When the box B is seated on the box seating portion 340, the product transfer robot 360 lowers all the products loaded in the box B to the product transfer conveyor 330, and the box ( B) becomes an empty box. The empty box is discharged through the box discharge conveyor 422.

Although the box conveying conveyor 421 is perpendicular to the box discharge conveyor 422 and an operation direction, referring to FIGS. 9 (b) and 9 (c), the box conveying conveyor 421 has a band shape. It is formed with a conveyor, and is formed between the rollers which comprise the box discharge conveyor 422. Therefore, even if the box transport conveyor 421 is operated by moving the box transport lifter 423 connected to the frame on which the box transport conveyor 421 is installed, the box transport conveyor 421 is moved to the top or the bottom of the box discharge conveyor 422. 421 and the box discharge conveyor 422 are comprised so that there may be no interference with each other.

The overall operation of the box transfer module is as follows.

When the box B is delivered from the box delivery conveyor 440, the box transport conveyor 421 may be at a lower position than the box delivery conveyor 440 and may be at a higher position than the box discharge conveyor 422. Operate the box feed lifter 423. When the box is delivered, the box transfer conveyor 421 is also operated. Through this configuration, the box B can be easily transferred to the box transfer conveyor 421.

When the box B is completely transferred to the box conveying conveyor 421, the operation of the box conveying conveyor 421 is stopped, and the box conveying lifter 423 is operated to raise the box conveying conveyor 421 to seat the box. The box (B) can be seated in the portion 340. In this case, when the box B needs to be moved further in the box seating portion 340 direction, the box transfer lifter 423 may be further operated.

Next, when the box B seated on the box seating portion 340 is transferred to the entire product loaded in the box B by the operation of the product transfer robot 360 and the box is empty, the box transfer lifter 423 ) To lower the box conveying conveyor 421. In this case, when the box B is moved to the box seating portion 340 when the box B is seated on the box seating portion 340, first, the box conveying conveyor 421 is operated in the opposite direction to the empty box B. It may be desirable to operate the box transfer lifter 423 after moving the to the initial position at the time of raising.

The box transfer conveyor 421 is positioned below the box discharge conveyor 422 by the lowering operation of the box transfer lifter 423. Through this operation, the empty box B is placed in the box discharge conveyor 422 and is separated from the box transfer conveyor 421.

In this state, when the box discharge conveyor 422 is operated, the empty box B can be discharged toward the empty box collection unit 500.

The product loading unit 300 and the box supply and discharge unit 400 described above may be installed in parallel in accordance with the number or type of products to be loaded in the case (C), each unit 300, 400 ), All the conveyors are configured to be driven independently and include a control unit (not shown) for controlling such as stopping the conveyor so as to cope with a case where the speed of work is different from each other in a parallel connected configuration.

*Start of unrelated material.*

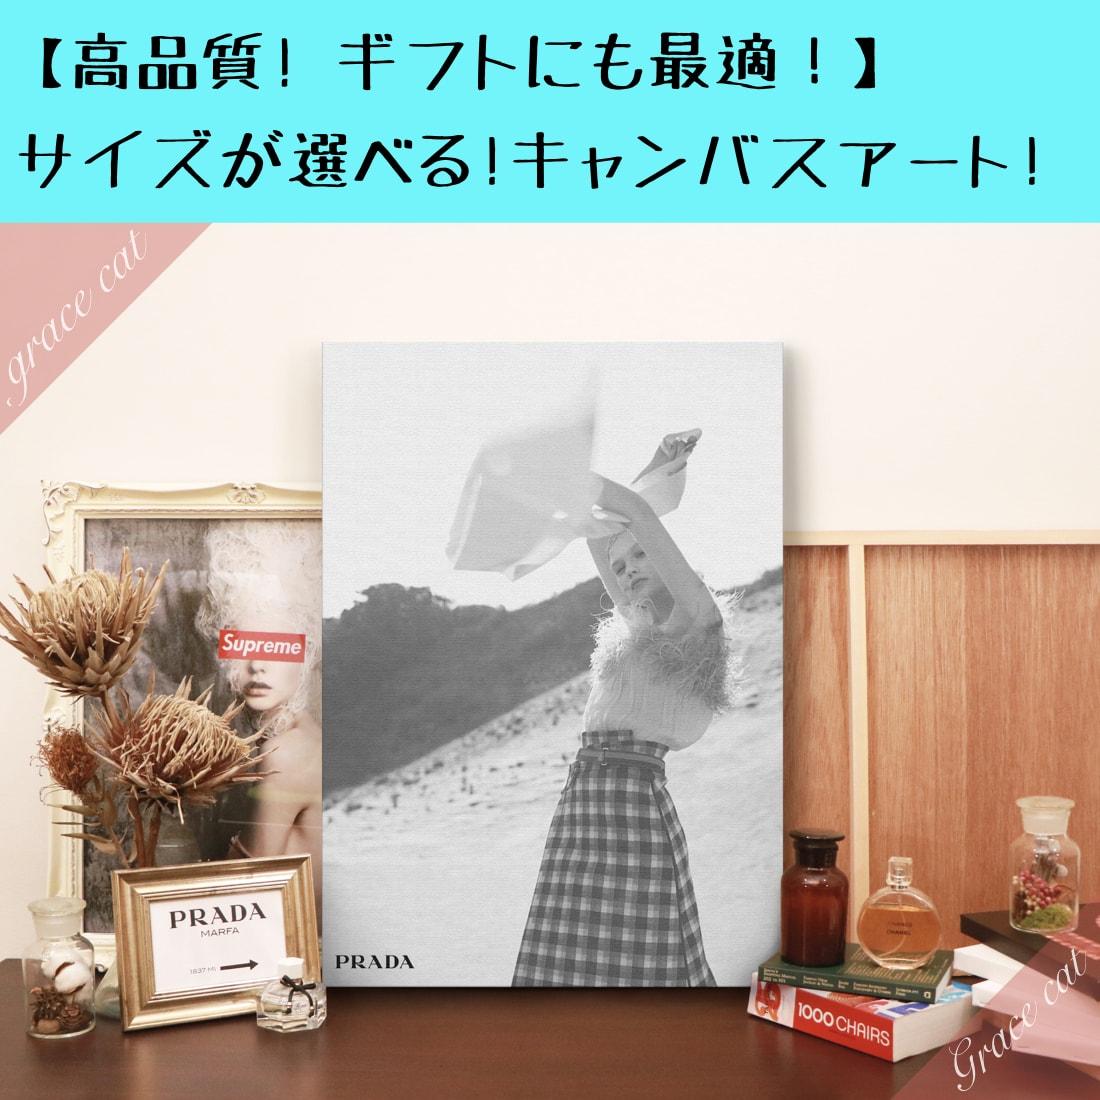 限定SALE!!【 Grace cat Art 】サイズが選べるキャンバスパネル アート 絵画 / アートパネル / アートポスター / グラフィック アート / インテリア アート / パロディアート / ギフト 【 オマージュモチーフ:PRADA / プラダ 】

As shown in FIG. 2, the empty box collection unit 500 is configured to be connected to the box discharge conveyor 422 of the box supply discharge unit 400, in which one or more are connected in parallel.

The case C on which a plurality of products are stacked is usually included in a small sized gift.

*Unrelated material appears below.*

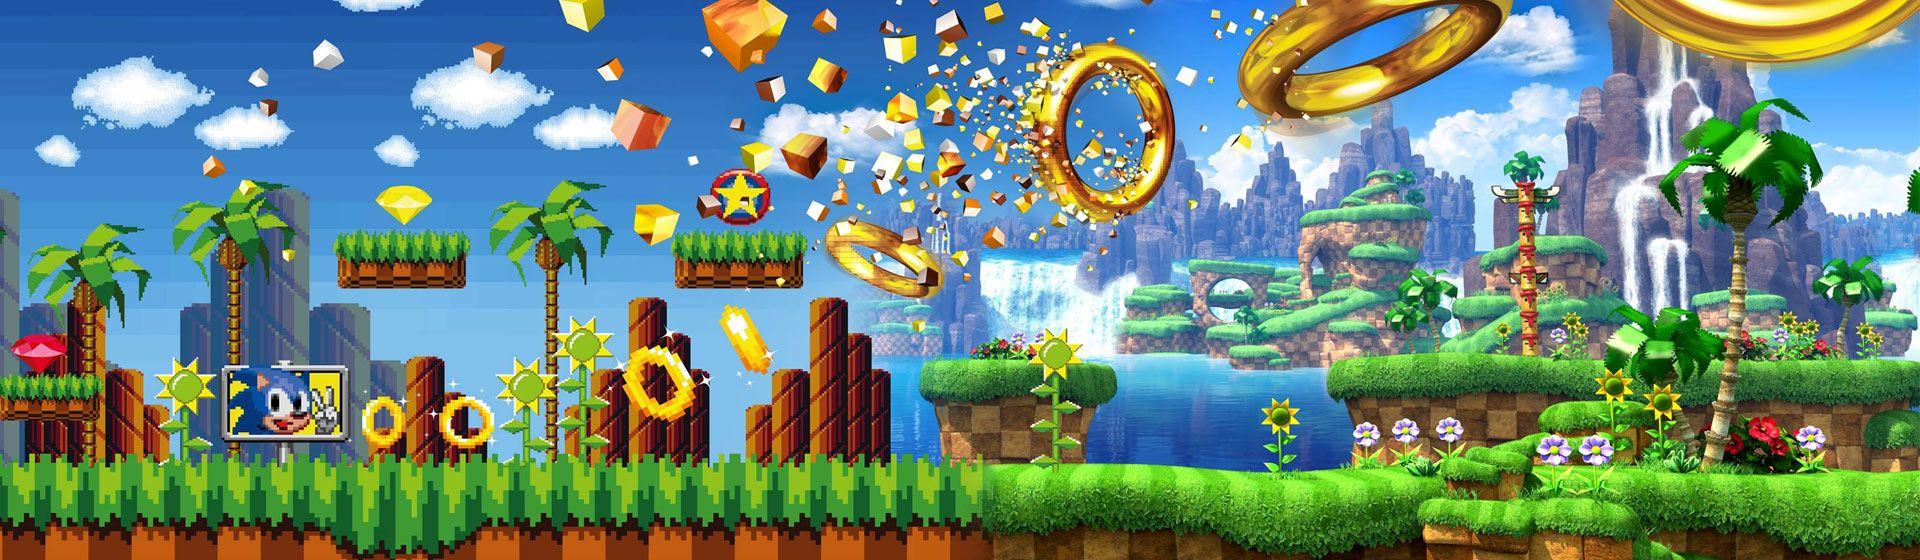 Jogo do Sonic: conheça a história do personagem e veja top 10 de games

In the case where such a gift is required, the product loading unit 300 described above may be used for supplying a gift, and a separate gift loading unit 600 may be installed in parallel as shown in FIG. 2.

The separate gift loading unit 600 may use a configuration in which the product transfer robot 360 and the product loading robot 370 are installed, such as the product loading unit 300. However, since the gift is smaller in size than the normal product, FIG. As shown in the present invention may be used for presenting the loading unit 600, the rotation feeder 630 is formed.

Referring to FIG. 10, upper and lower case conveying conveyors 621 and 622 connected to the upper and lower case conveying conveyors 321 and 322 of the product loading unit 300 are formed in the gift loading unit 600. A gift-loading robot 670 is provided for loading a gift to be fed to the rotary feeder 630 into the lower case C2. In the present invention, the present is configured to supply the present to the rotary feeder 630, it will be possible to automatically supply by additionally applying the configuration of the box supply and discharge unit 400 described above.

Next, there may be a process that a person can do by hand during the process of loading the product in the case (C). To this end, as shown in FIG. 2, a manual unit 700 may be additionally installed. As shown in FIG. 2, the manual unit 700 may be installed in parallel with the product loading unit 300 and the gift loading unit 600.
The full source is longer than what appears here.